Недостаточная прорисованность текущего модернизационного проекта связана не только с развертывающейся интригой новой реконфигурации российской власти («проблема 2012»), но и с очевидной незавершенностью становления постсоветской России, причем не столько на уровне институциональном (хотя и здесь едва ли поставлена точка), сколько на уровне национально-государственной идентичности.

Но о каком формировании идентичности идет речь? О квазиэволюционном процессе, лишь отражающем трансформации общества и политической системы, а также внешние вызовы, или же все-таки о конструировании, о проектной деятельности? Долгое время сохранялось впечатление самотека, на который время от времени пытается влиять власть, стремясь направить поток в определенное русло.
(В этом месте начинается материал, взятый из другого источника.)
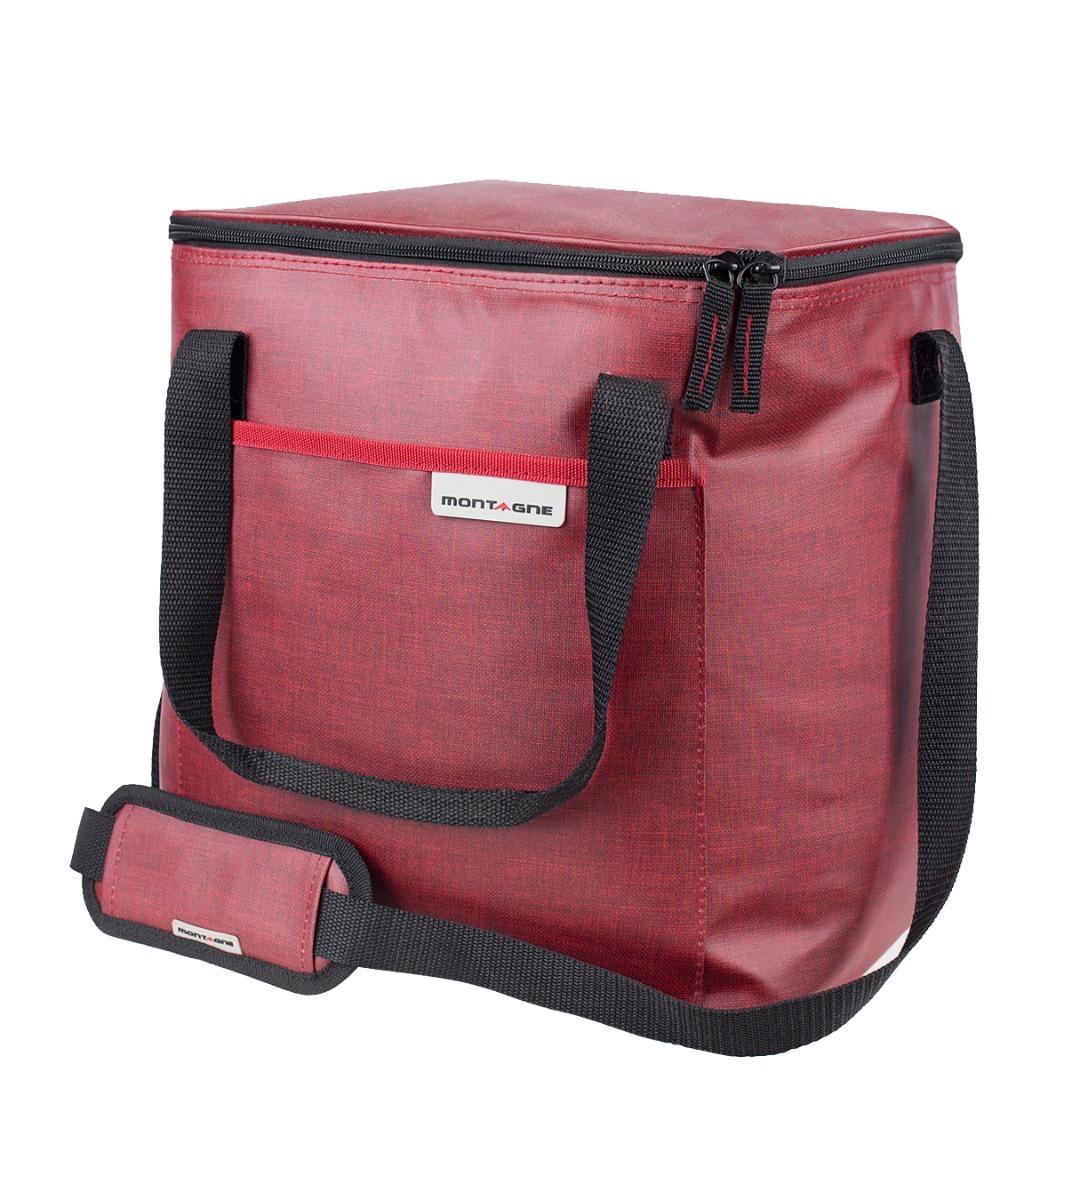 Bolso Montagne Cooler Bag 20 Lts Flap Camping -   1.400 7579bdeb733c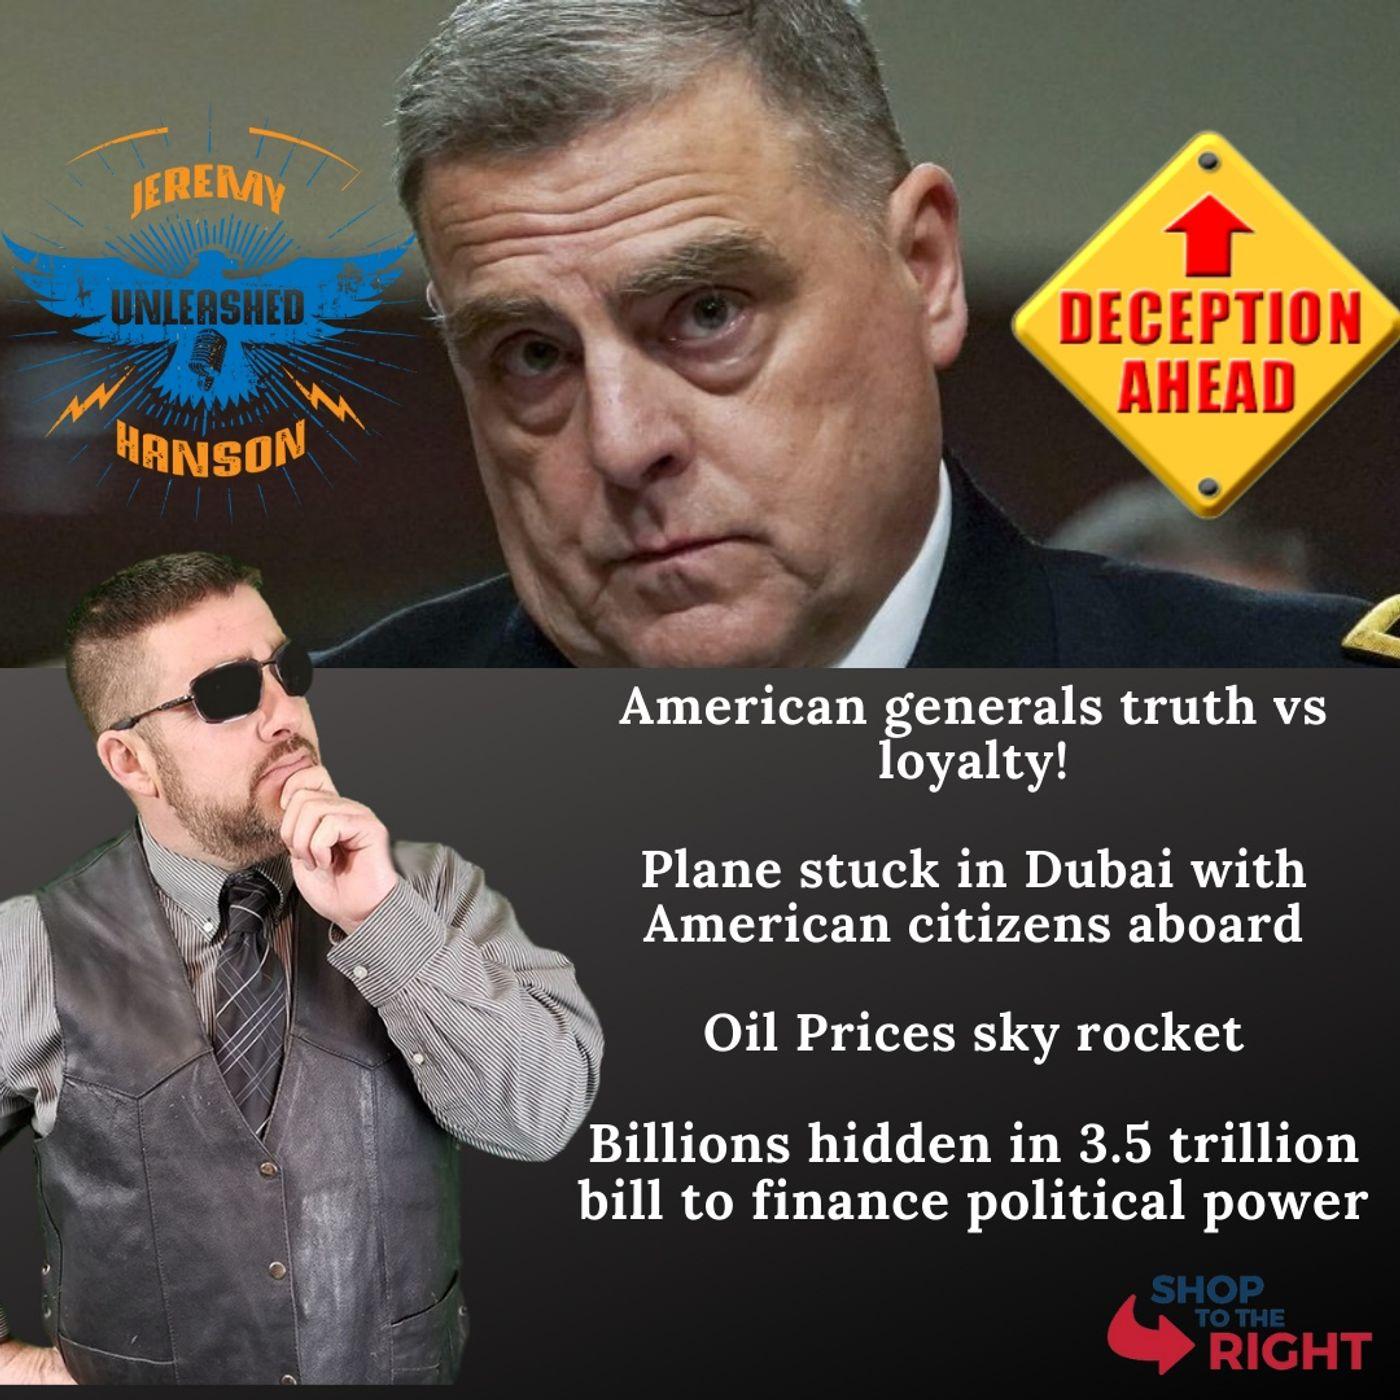 Unleashed Jeremy Hanson 9/29/21  Bombshell 3.5 trillion dollar bill has 90 billion for community organizers and political operatives

Здесь важно понимать: становление постсоветской России – это комплексный процесс, в котором причудливым образом сочетались сознательные усилия, направленные на преодоление или сохранение старого порядка, инертность одних групп общества и нетерпение других, влияние внешних сил, а также события и обстоятельства, свидетельствующие о стихийности исторического развития. На определенном этапе социально-политических трансформаций ход событий обрел неконтролируемый характер. В этих условиях действия важнейших политических и социальных акторов становились вынужденными, реактивными. Позднее, спустя годы, аргумент о вынужденности или безальтернативности действий стал часто использоваться российскими политиками для оправдания решений, принимавшихся ими в конце 1980-х – начале 1990-х годов.

Формирование постсоветской российской идентичности отразило все эти особенности. Но даже при том, что на решающем этапе, а именно в 1990-е, ельцинские, годы, стихийность явно преобладала над конструированием идентичности, неизменным остался ее важнейший ракурс – отношения «государство – общество». Более того, именно дефицит проектной деятельности по «выстраиванию» новой идентичности наиболее явно обнажил то фундаментальное обстоятельство, что общество, как будто бы предоставленное само себе, нуждается во власти, ищет ее.

Так было с самого начала. Уже легенда о призвании варягов дает проекцию последующих двенадцати столетий российской истории: русское общество, осознавая неспособность выработать внутри себя основания устойчивого социального и политического порядка, обращается к той силе, которая способна быть властью и обеспечить искомый порядок. С этого момента и на протяжении веков государственная власть начинает выполнять работу и за себя, и за общество. А в условиях смуты или катастрофы государства, общество в конце концов приходит все к тому же – к необходимости восстановления сильной государственной власти.

Великий русский историк и консервативный мыслитель Н.М. Карамзин охарактеризовал эту властецентристскую парадигму при помощи высокопарного афоризма «Самодержавие – Палладиум России». При этом Карамзин имел в виду не только абсолютную власть российского императора, но прежде всего воплощенное в личности монарха нераздельное государственное начало. Ту же самую мысль, хотя и в критическом духе, высказал В.О. Ключевский применительно к особенностям русского исторического процесса: «Государство пухло – народ хирел». Наиболее убедительным и трагическим образом эта тенденция нашла свое подтверждение в ходе потрясений, постигших Россию в веке ХХ. Но даже и в «постмодернистском» XXI в. повторяется то же самое. Как подчеркивает Ю.С. Пивоваров, «то, что мы видим сегодня, есть не только и не просто “возвращение” к советским временам. Это возвращение вообще. Возвращение к тому, что было всегда, несмотря на множество реформ, поверхностный политический плюрализм и т.п.» (15, с. 15).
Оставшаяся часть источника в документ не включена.